Integrating Artificial Intelligence and Geospatial Intelligence: Innovative Methods and Applications in Human Mobility Modeling

Tuesday, 18 November 2025 (UTC+10)

Star, Broadbeach, Gold Coast, Australia | Room: Currumbin

Location & Virtual Participation

Venue

Star, Broadbeach

Gold Coast, Australia

Room: Currumbin

Join via Zoom

Meeting ID: 972 7181 7376

Passcode: 262836

Workshop Scope & Topics

This half-day workshop aims to bring together researchers and practitioners to advance the modeling, mining, and simulation of human mobility for intelligent transportation systems and urban analytics. As the Internet of Things and smart city infrastructure produce massive, multi-modal mobility datasets, there is both an opportunity and a responsibility: to build scalable, transferable, and privacy-aware models that capture the dynamics of human movement across time, space, and social interaction.

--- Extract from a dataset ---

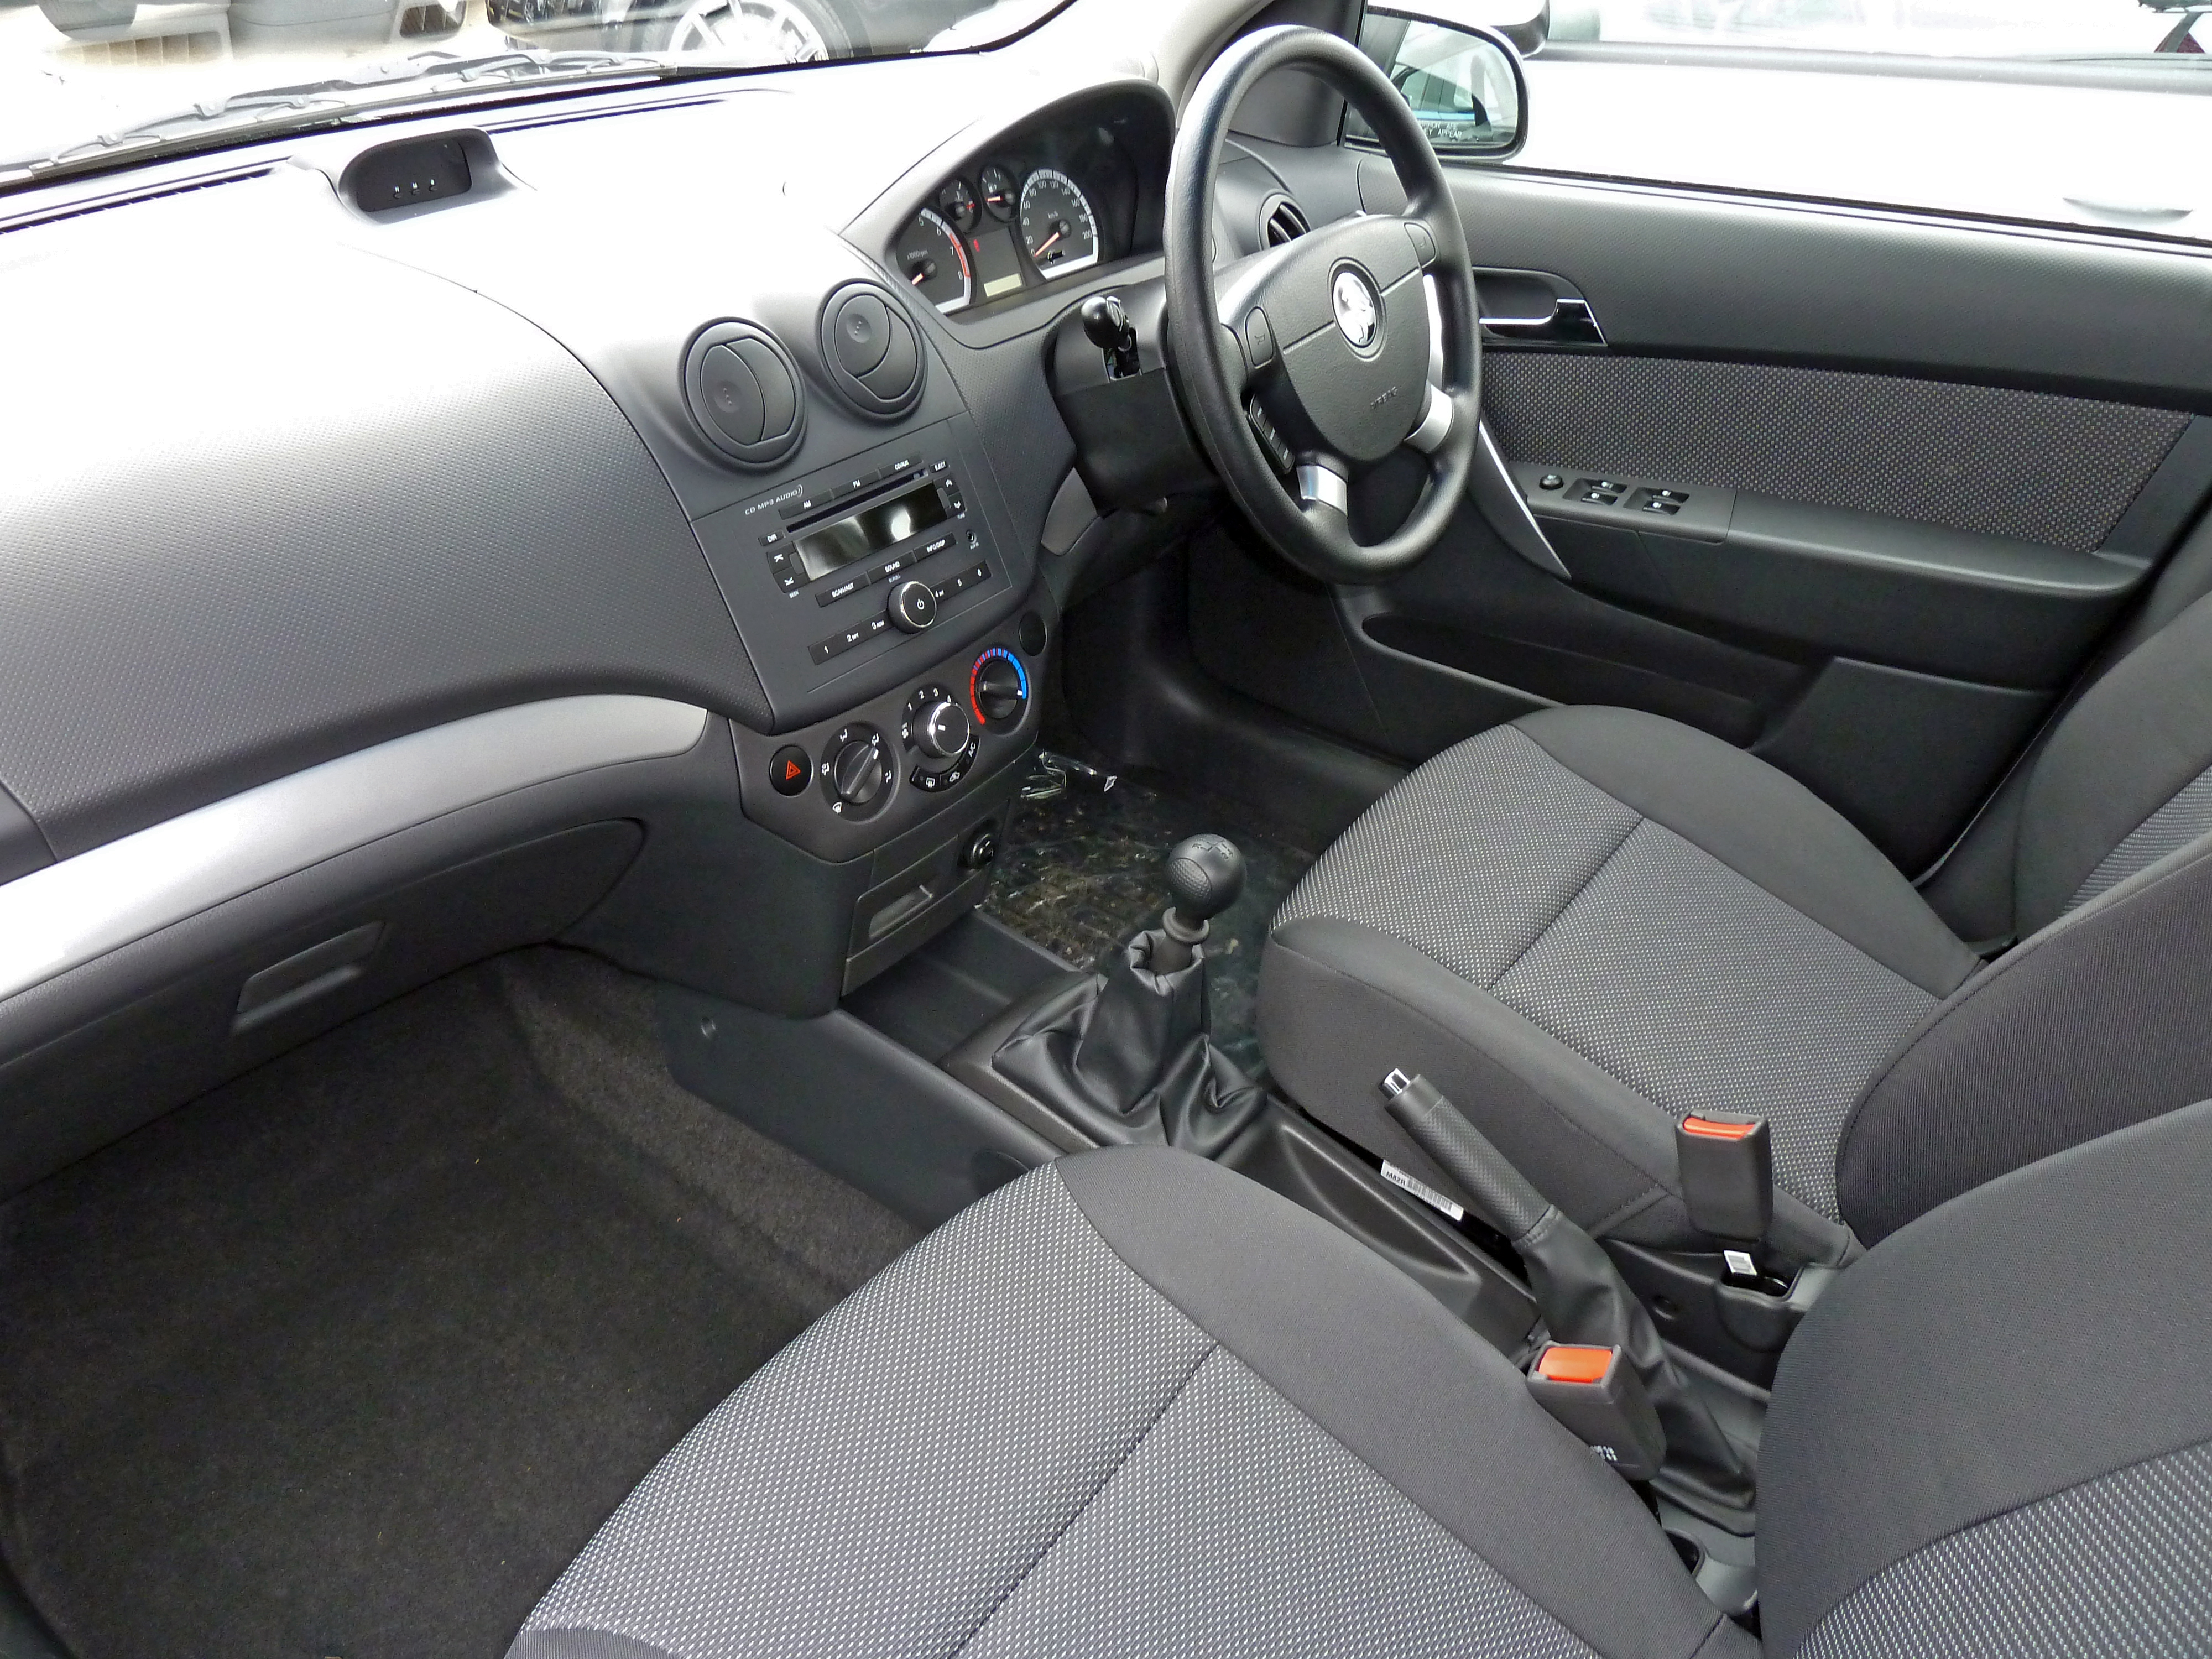 fuse box diagram daewoo matiz daewoo korea wiring diagram ~ odicis Daewoo LeMans Interior  Hyundai Verna Interior Pontiac Matiz Interior Suzuki Jimny Interior

We will explore AI-empowered and data-driven methods for modeling human mobility and travel behavior, focusing on how mobility behaviors influence and be influenced by transportation systems. This workshop will examine techniques spanning different levels of resolution—from coarse-grained trip and flow modeling to fine-grained activity chains, trajectories, and agent interactions—supporting diverse applications in planning and operations, such as demand forecasting, policy evaluation, infrastructure planning, anomaly detection, and traffic simulation.

This workshop connects the AI, transportation, and geospatial communities to accelerate the development of actionable tools for understanding and simulating human mobility at scale. It invites contributions that address the challenges and opportunities in data fusion, behavioral modeling, real-time analytics, and system-level decision support.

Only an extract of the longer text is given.